PICTURED: The Hauraki Gulf Marine Park  

The Impact of Marine Heatwaves


Marine heatwaves (MHWs) are defined as when seawater temperatures are warmer than the 90th percentile of a historical average, for at least 5 consecutive days. MHWs with gaps of 2 days or less are considered part of the same event. In short, they are prolonged periods where seawater temperatures are anomalously warmer than expected.

Measured by duration (in days), intensity (the difference in temperature compared to the expected temperature for the same day) and cumulative intensity (the integral of intensity over the duration), marine heatwaves are becoming more frequent and intense with a 34% rise in frequency, a 17% increase in duration, and a 54% increase in annual MHW days globally since 1925.

The cause of these marine heatwaves are mostly driven by ocean currents and the warming of the sea surface by the atmosphere, also known as air-sea heat flux, whilst other factors such as wind and climate oscillations like El Niño and La Niña also play into the intensity and likelihood of them occurring.

Whilst you would be forgiven for thinking that MHWs are exclusive to the warmer months, they can actually occur at any time of year. During the Winter of 2021, all areas analysed across New Zealand except 2 (Banks Peninsula and FMA3, east of the South Island) experienced MHWs.

Early this year, The Moana Project launched an open-access seven-day forecast which is based on ocean modelling to predict when and where these heatwaves may arise around the country.

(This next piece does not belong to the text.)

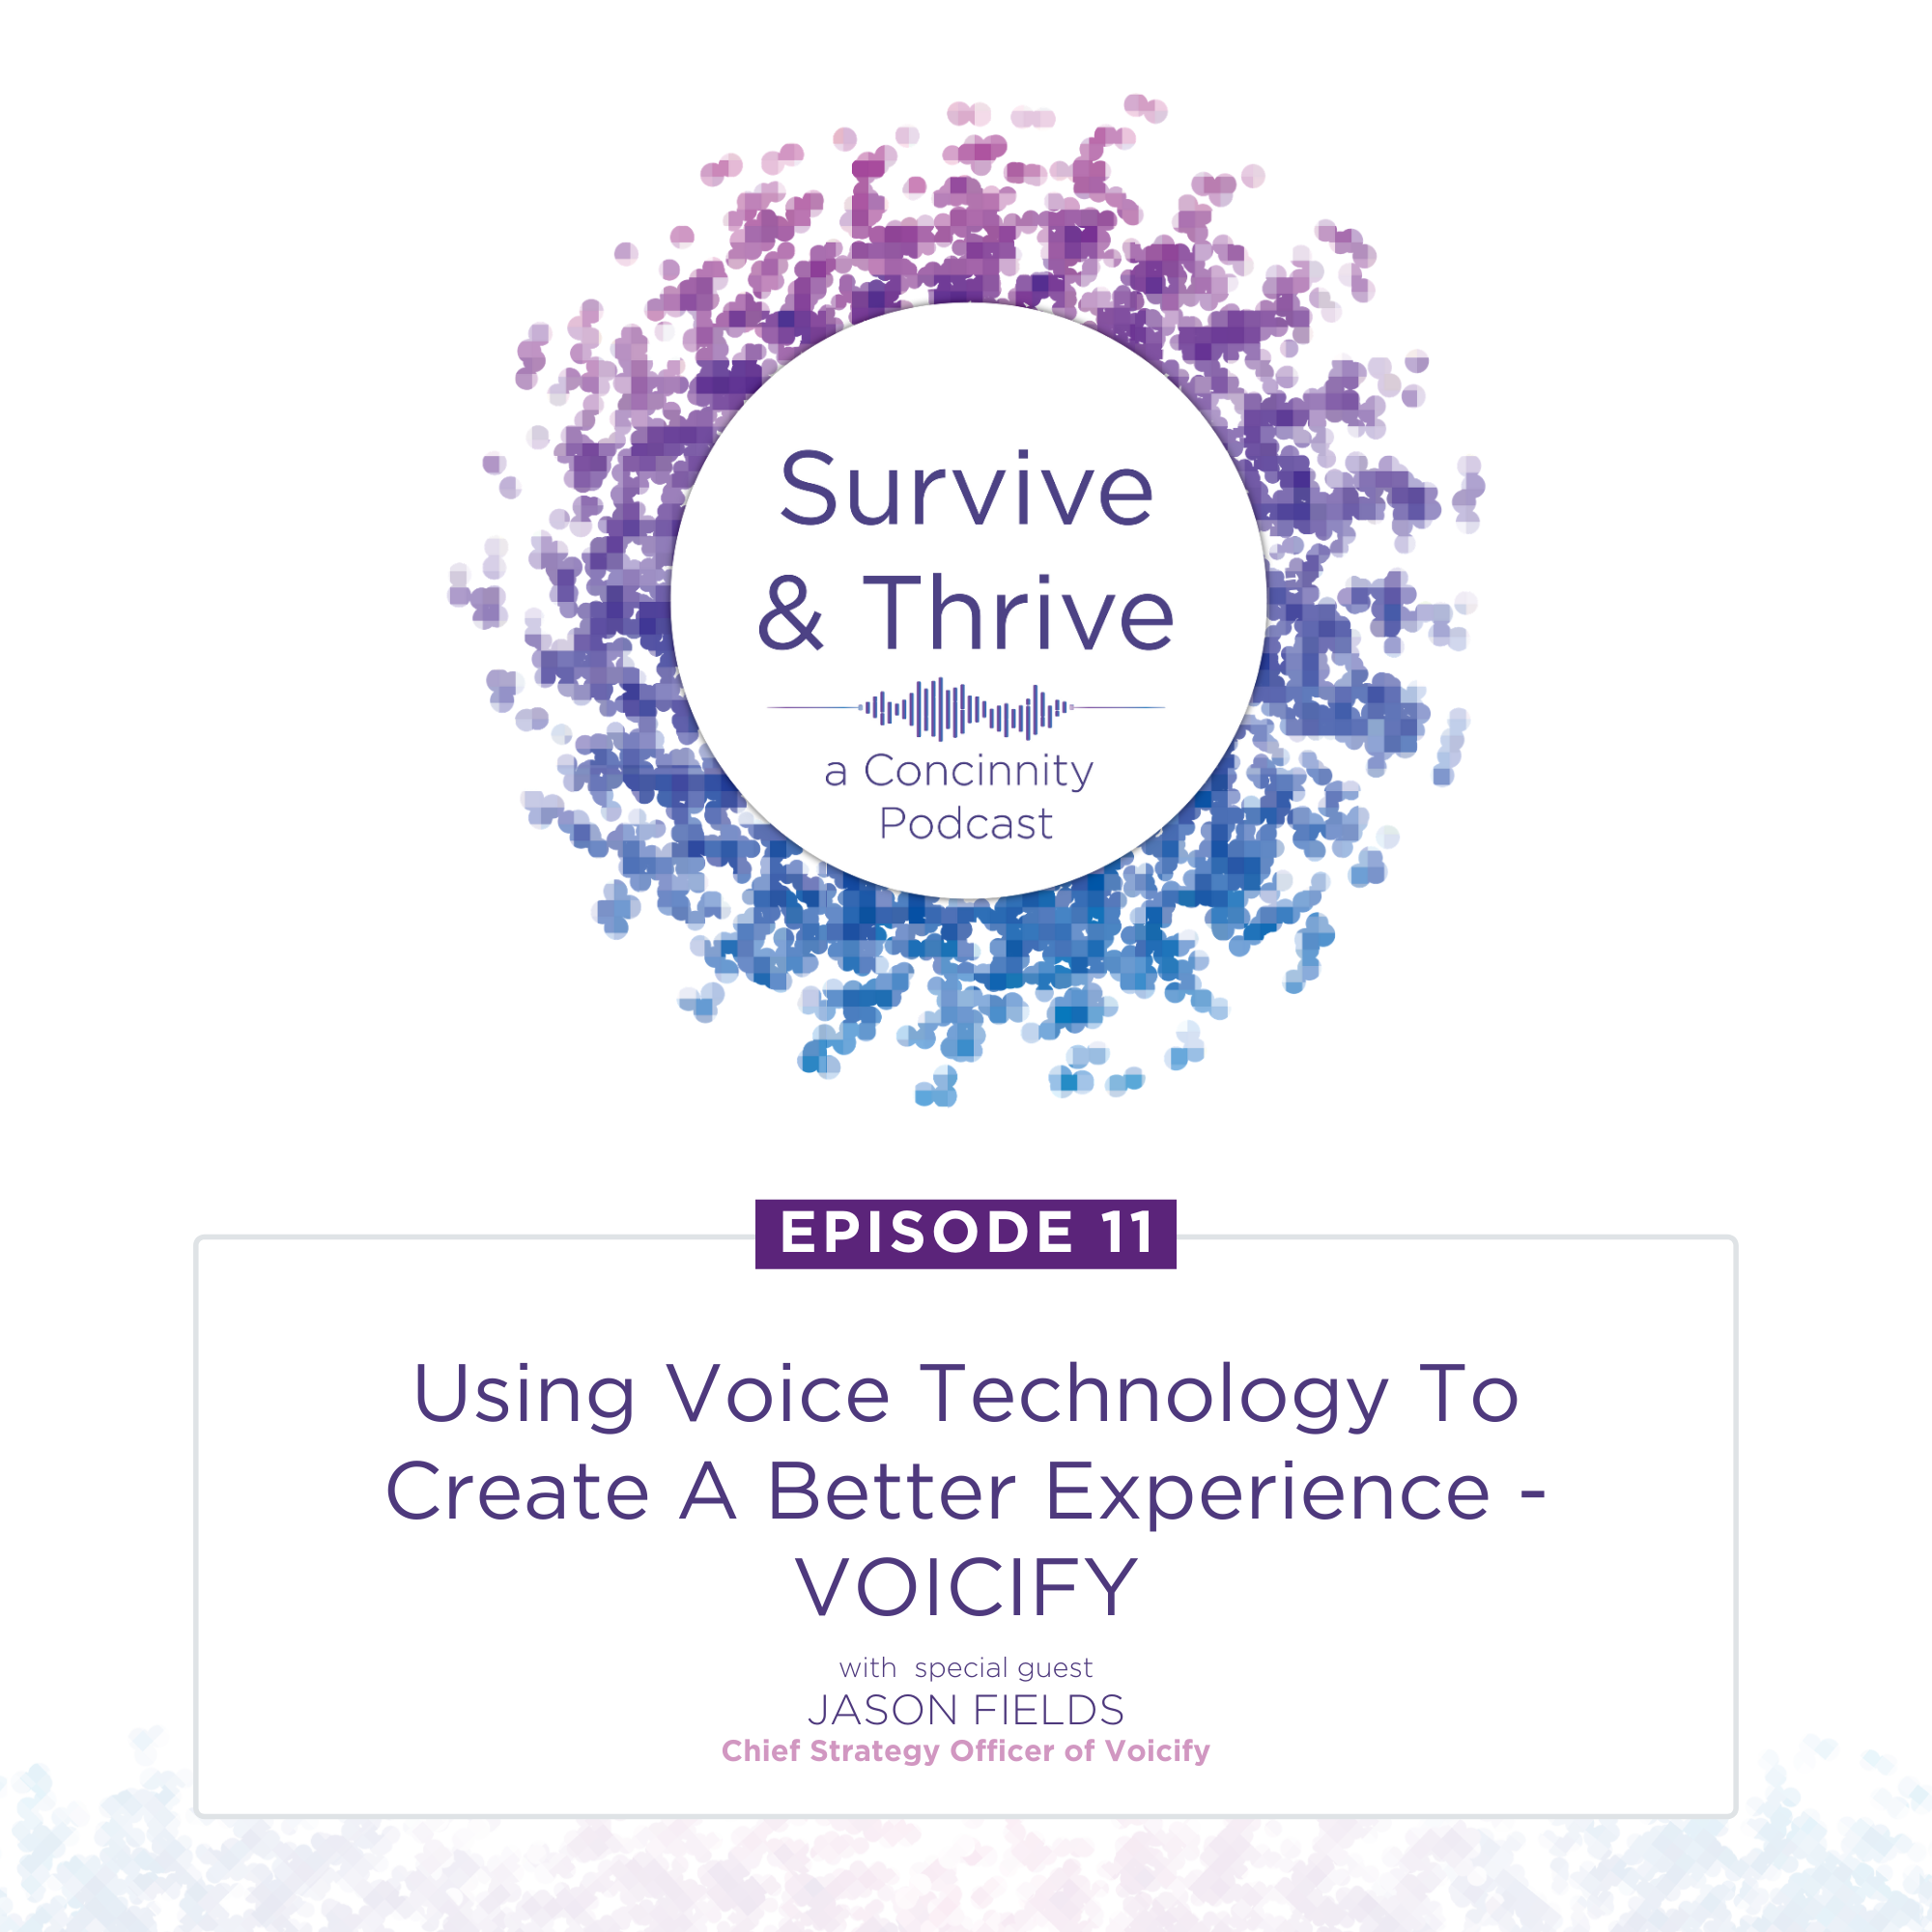 Artwork for podcast Survive & Thrive

Hauraki Gulf sea-surface temperatures including a 7-day forecast. Image from The Moana Project.

The consequences that MHWs can have include ecological, sociological and economic impacts. Ecologically, this can include changes in ecosystem structure, the expansion and contraction of species habitat ranges, disrupted breeding cycles and even mortality. A strong marine heatwave during the summer of 2017/2018 contributed to the local extinction of bull kelp in areas of Lyttelton Harbour, South Island and this, in turn, resulted in an increase in the growth of opportunistic weedy macroalgae and a decrease in mussels.

Economically MHWs can, directly and indirectly, impact the industries that are associated with them such as tourism, fisheries and aquaculture.

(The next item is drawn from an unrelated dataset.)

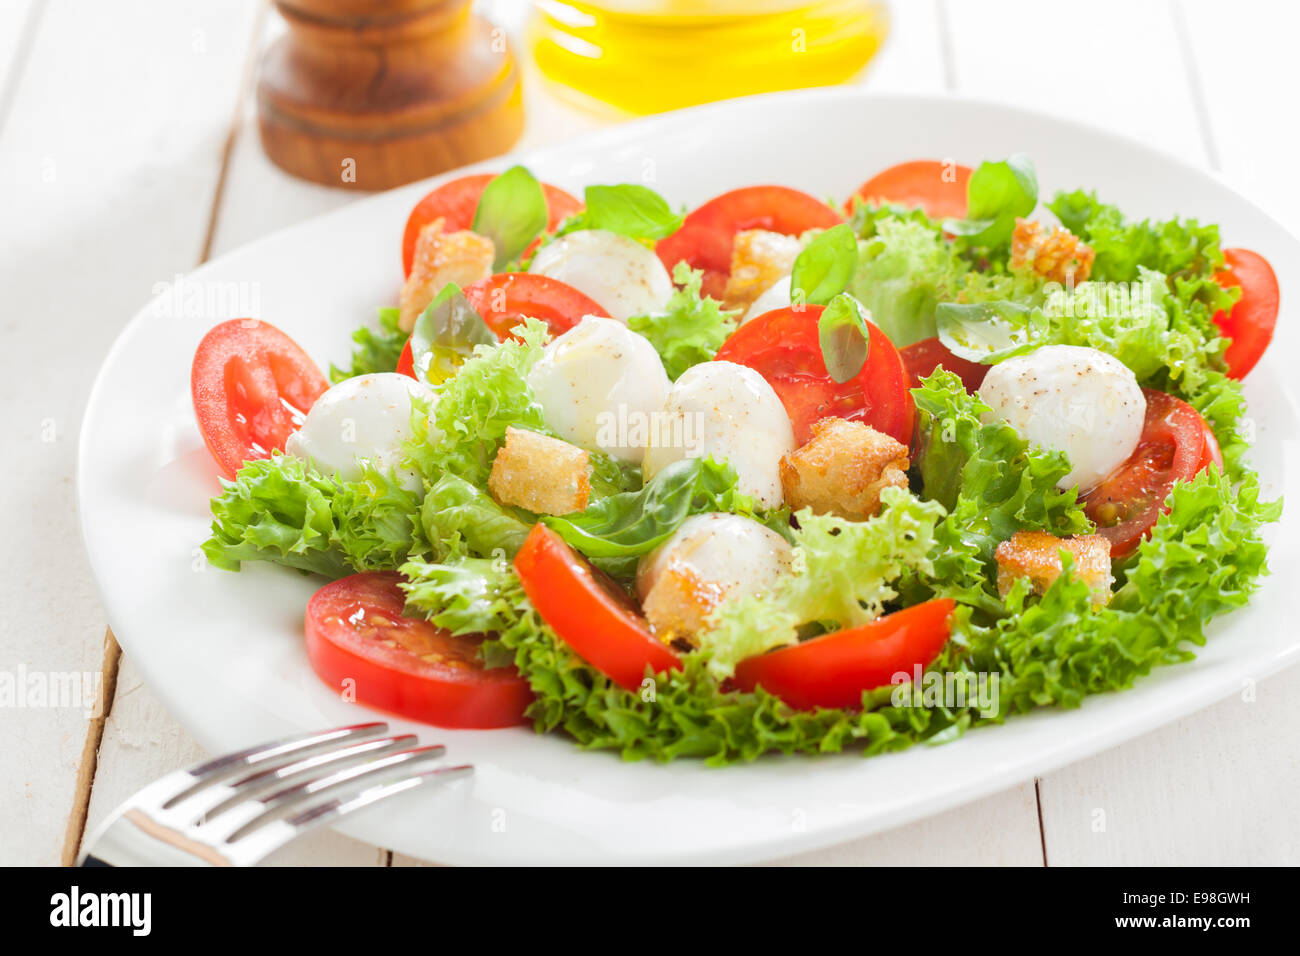 Delicious Italian mozzarella salad with crunchy fried bread croutons, sliced fresh tomato herbs and frilly lettuce served on a plate on white wooden boards Stock Photo

A summary of the 2010/2011 Western Australian marine heatwave found that there were widespread economic impacts on commercial fisheries with some closed for several years due to loss of habitat, reduced reproduction and recruitment rates as well as direct mortality. The MHW and subsequent summers of higher-than-average sea surface temperatures may have been a factor in the reduction in the biomass and catches of Shark Bay’s oceanic stocks of tāmure/Australian snapper (Chrysophrys auratus). This species tends to have a small temperature range where it can spawn successfully, in the Hauraki Gulf Marine Park this is typically between 16-21°C.

Qu et al (2021) recently stated that Goat Island/Leigh Marine Reserve, one of the 6 marine reserves within the Marine Park, contributes approximately 10.6% of juvenile Australian snapper to areas of the Marine Park outside of the reserve via the recruitment effect. This results in a multi-million contribution to both recreational and commercial fisheries. Marine heatwaves have the potential to impact the populations of Australiasian snapper here in Tikapa Moana along with other commercially and recreationally important fish species.

Along with fisheries, the Marine Park also supports the livelihoods of those involved in tourism including marine mammal tourism. Changes to species ranges as well as ecosystem structure changes could affect such tourism operations as marine mammals have also been shown to change their distribution, affected by their prey’s distribution in relation to MHWs.

Research into MHWs is still relatively new but the need and urgency of this is increasing. Being able to predict when MHWs may arise as well as understanding the local, regional and national impacts will be needed to allow for appropriate responses and adaptation.